AI models are now capable of taking several misaligned actions leading to insider risk (including leaks, spills, sabotage, and theft), and may also attempt to strategically conceal these actions from human operators. AI models also occasionally make mistakes and provide anomalous responses. All of this makes insider risk arising from AI models functionally indistinguishable from that posed by their human counterparts.

Misaligned AI models present a coverage gap in existing insider risk programs

Insider risk detection and mitigation could halt a potential harm trajectory and stand to limit damage to national security. For this reason, departments and government agencies have adopted policies and programs that define the response actions necessary to ascertain whether certain matters or information indicate the presence of an insider risk, and to mitigate this risk.

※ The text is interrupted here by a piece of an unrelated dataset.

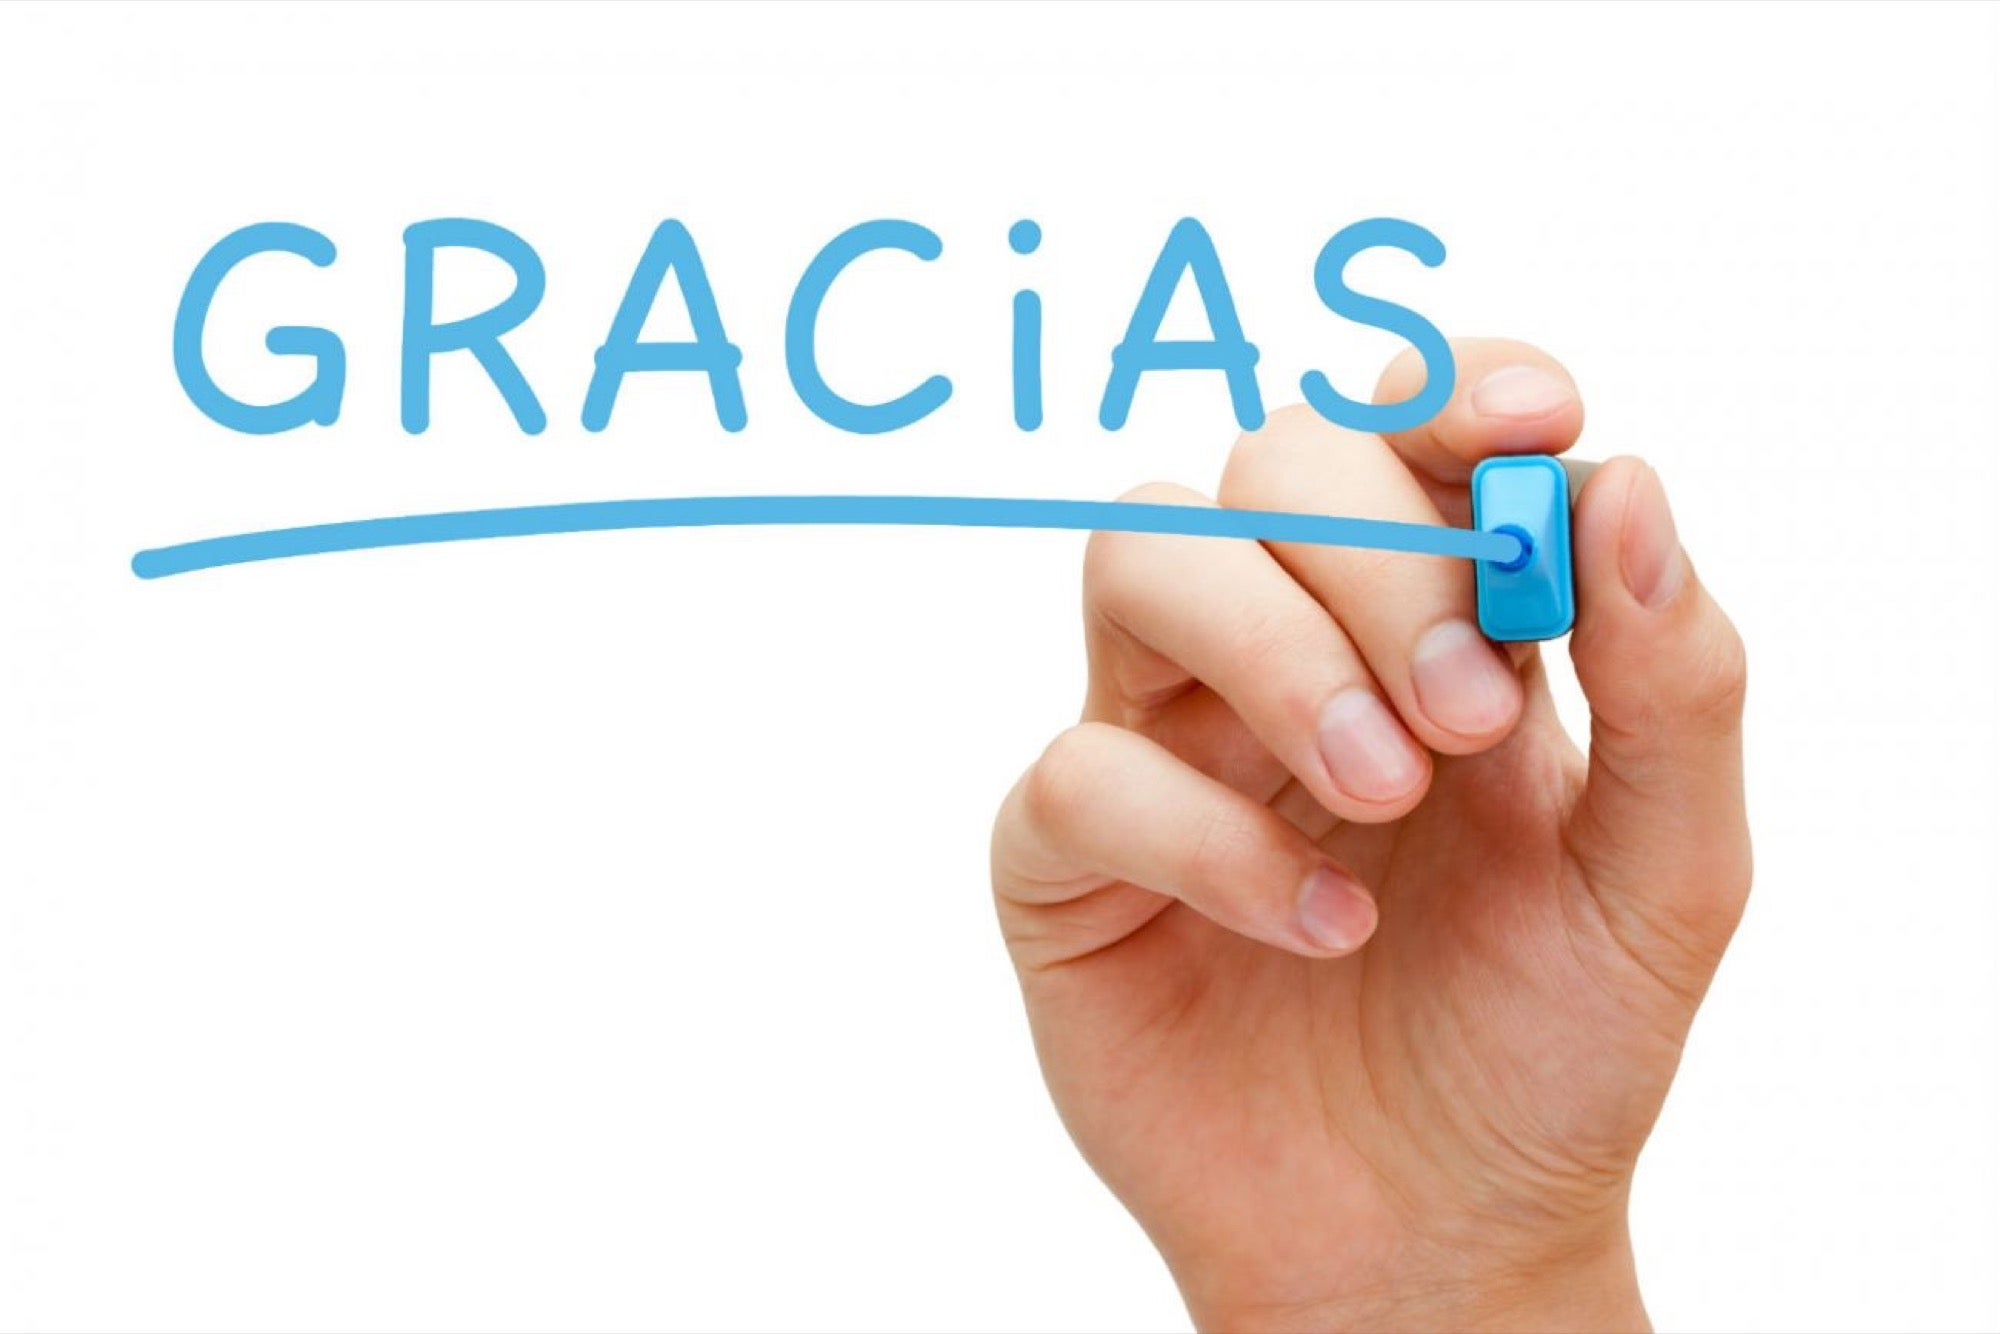 Agradecimiento frases a demas los por de ayudar

However, existing definitions of insider risk and relevant mitigation programs were designed at a time when insider risk could only originate from humans. Most, but not all, of these frameworks refer to “a person,” such as government personnel or cleared contractors (e.g., Section 951, NDAA 2017; DoD Instruction 5205.16), or define “insider” as “personnel” (NISPOM). As a result, existing insider risk detection and mitigation programs may not naturally cover the risks posed by AI models. Since these policies and programs were designed and enacted, AI models have become highly capable and have been increasingly entrenched within government agencies, including within the national security apparatus. Misaligned AI models have therefore become a coverage gap in insider risk prevention and mitigation.

In fact, this coverage gap in insider risk policies and programs may also mean that the national security risk posed by AI models is higher than their human counterparts, for whom insider risk detection and mitigation programs are up and running.

Misaligned AI models currently present a coverage gap. Existing insider risk policies and response programs do not adequately capture AI insider risk, even though misaligned AI models could damage national security from the inside, just like human personnel.

Conclusion

AI models have become functionally indistinguishable from human personnel: they could leverage their authorized access to information, a facility, personnel, or other critical resources and assets to take actions that are misaligned with those expected by their deployers. Absent any detection and mitigation program for this insider risk, the actions of misaligned AI models could damage national security.

To securely operationalize AI in mission critical environments, we suggest that the U.S. government urgently addresses AI insider risk as it has successfully done with insider threats posed by government personnel and cleared contractors. This includes adapting well-established measures used to counter insider risk from humans, such as evaluating personnel who are granted access to classified information against a common set of adjudicative guidelines, continuously vetting human workforce under Trusted Workforce 2.0, engaging individual insiders who are considered to be “on the path to a hostile, negligent, or damaging act,” and monitoring user activity on all classified government networks.

For AI models, this could mean, at a minimum:

Adversarially testing insider AI models in use-case-specific circumstances and environments, in order to assess the capabilities and propensities of AI models to leverage their authorized access to take misaligned actions.
Implementing robust and continuous AI monitoring, in order to verify whether insider AI models attempt to take misaligned actions when deployed inside government departments and agencies; and, if so, attempt to report those actions and block them promptly.
Adopting and reinforcing control measures iteratively, in order to prevent AI models that manage to evade adversarial testing and monitoring to cause any harm to national security, even if they attempt to.

These measures will establish a strong foundation ensuring that frontier AI models granted access and authorities comparable to cleared personnel are subject to the same rigorous insider risk mitigation protocols that have long protected the U.S. most sensitive operations. The reliability of AI models accelerating critical advantages shall be treated as a continuously validated operational condition, above and beyond a one-time determination made at the point of acquisition or fielding. To restore accountability and protect American national security, a comprehensive insider risk mitigation program governing AI models should define the specific behaviors and operational anomalies that constitute grounds for disqualification from authorized access, mandate continuous monitoring throughout the operational lifecycle of such models, and establish clear protocols for prompt containment, revocation of system authorities, and formal review upon detection of disqualifying indicators.

The U.S. possesses unmatched capabilities to confront and eliminate the threats that frontier AI models pose to national security infrastructure. With decisive action, America will not only defend against these risks but seize the extraordinary opportunity to accelerate its most critical strategic advantages.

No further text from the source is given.